Apple encouraged hardware developers to produce PCI compatible peripherals that could be added to the Pippin. The only official method of producing add-ons for the Pippin was by developing PCI-compatible devices and then placed in a docking station cabinet. A proprietary riser card interface (referred to by Apple as an X-PCI slot) is located on the bottom of a Pippin system and is used by docking stations. A docking station for a Pippin can contain a variety of hardware, such as SCSI or floppy disk drive controllers, video interfaces, codecs, or network interfaces such as Ethernet. The logic board passes PCI signals through the X-PCI docking interface, and then to the docking station. Docking stations within the Pippin line do not provide pass-through support, thereby limiting a Pippin system to use only one docking station at one time. For example, a docking station for a floppy disk drive would need to be removed in order to attach a docking station for the magneto-optical drive. Katz Media produced a generic docking station, containing a PCI slot, allowing a user to install PCI cards. No PCI-based peripherals were ever developed specifically for the Pippin.

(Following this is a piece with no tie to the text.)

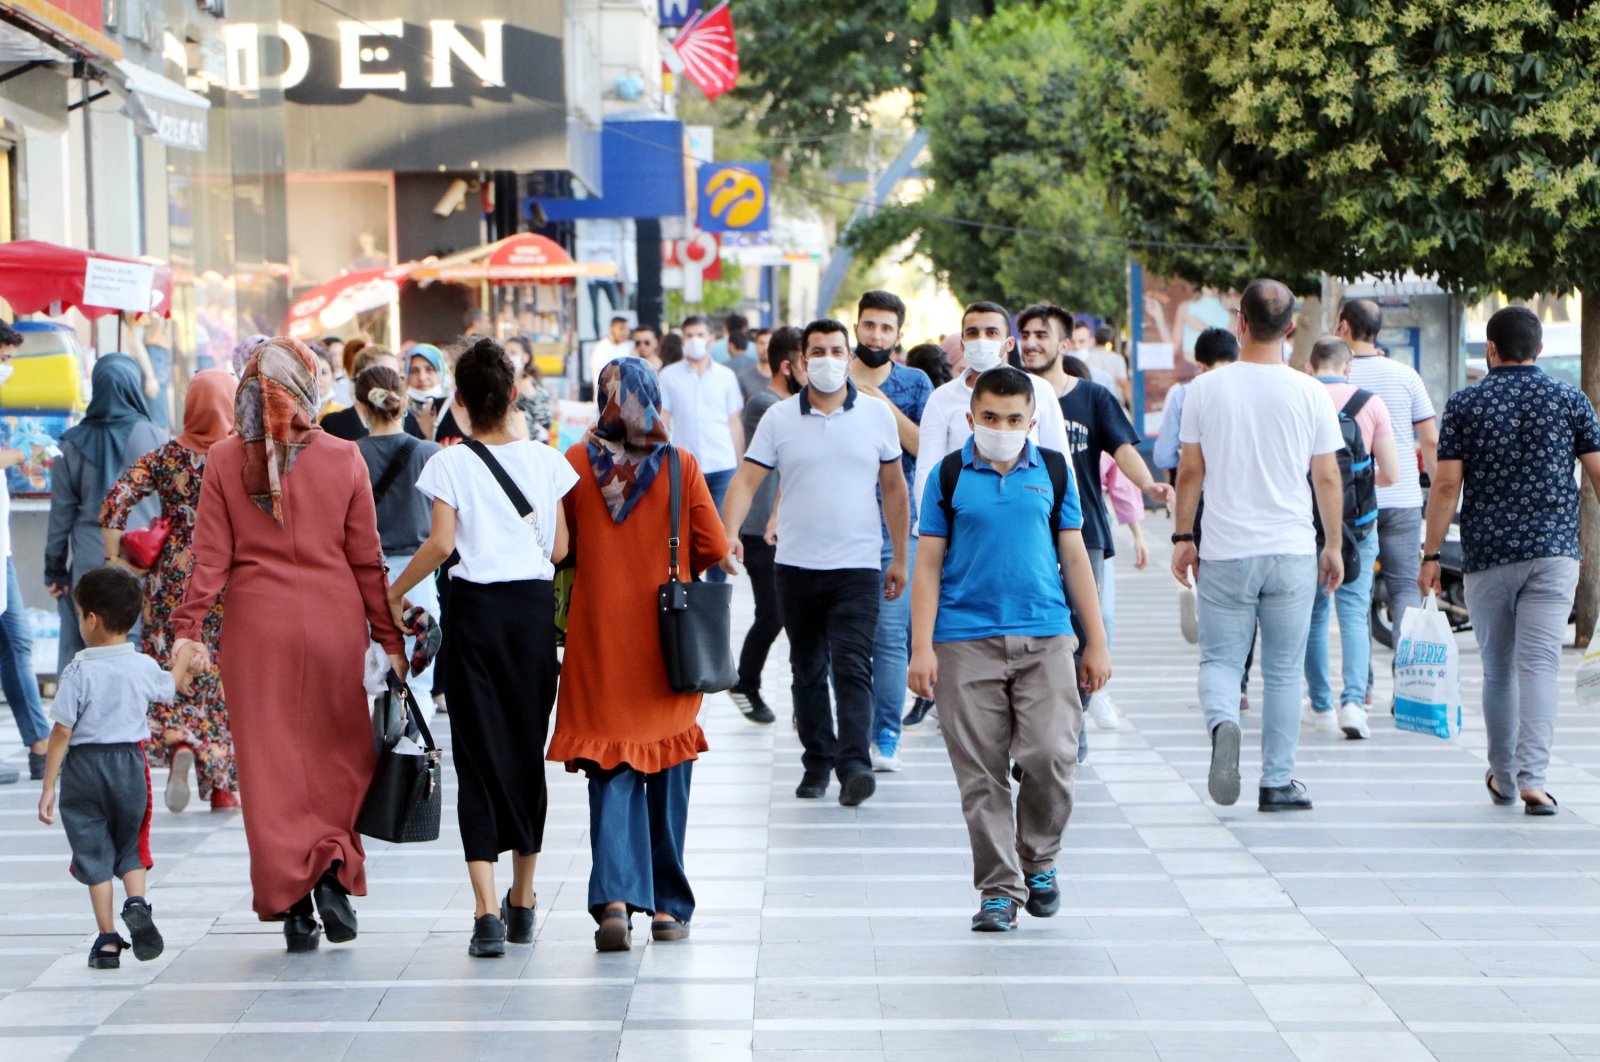 People wearing masks against COVID-19 walk on a street in Şanlıurfa, southeastern Turkey, July 24, 2020. (DHA Photo)

The operating system is not located in the Pippin's onboard storage and resides instead on the CD-ROMs for each of the Pippin's software releases. Apple could thus upgrade the operating system without having to sell new hardware to the consumer. However, because of this, once Pippin software releases ended, it became impossible to upgrade to a later operating system or install extensions and such. The system automatically reboots whenever the CD-ROM eject button is pushed, so a user cannot load the system software from one CD-ROM, and then insert another CD-ROM. Apple intended for the Pippin platform to be an appliance, and encouraged consumers to purchase a fully featured Macintosh system if they were looking for something upgradable. Bandai never upgraded its system software beyond the 7.5.2 version. Hardware enthusiasts have been able to run system software as late as Mac OS 8.0, but this can only be done on a system utilizing a developer ROM-BIOS.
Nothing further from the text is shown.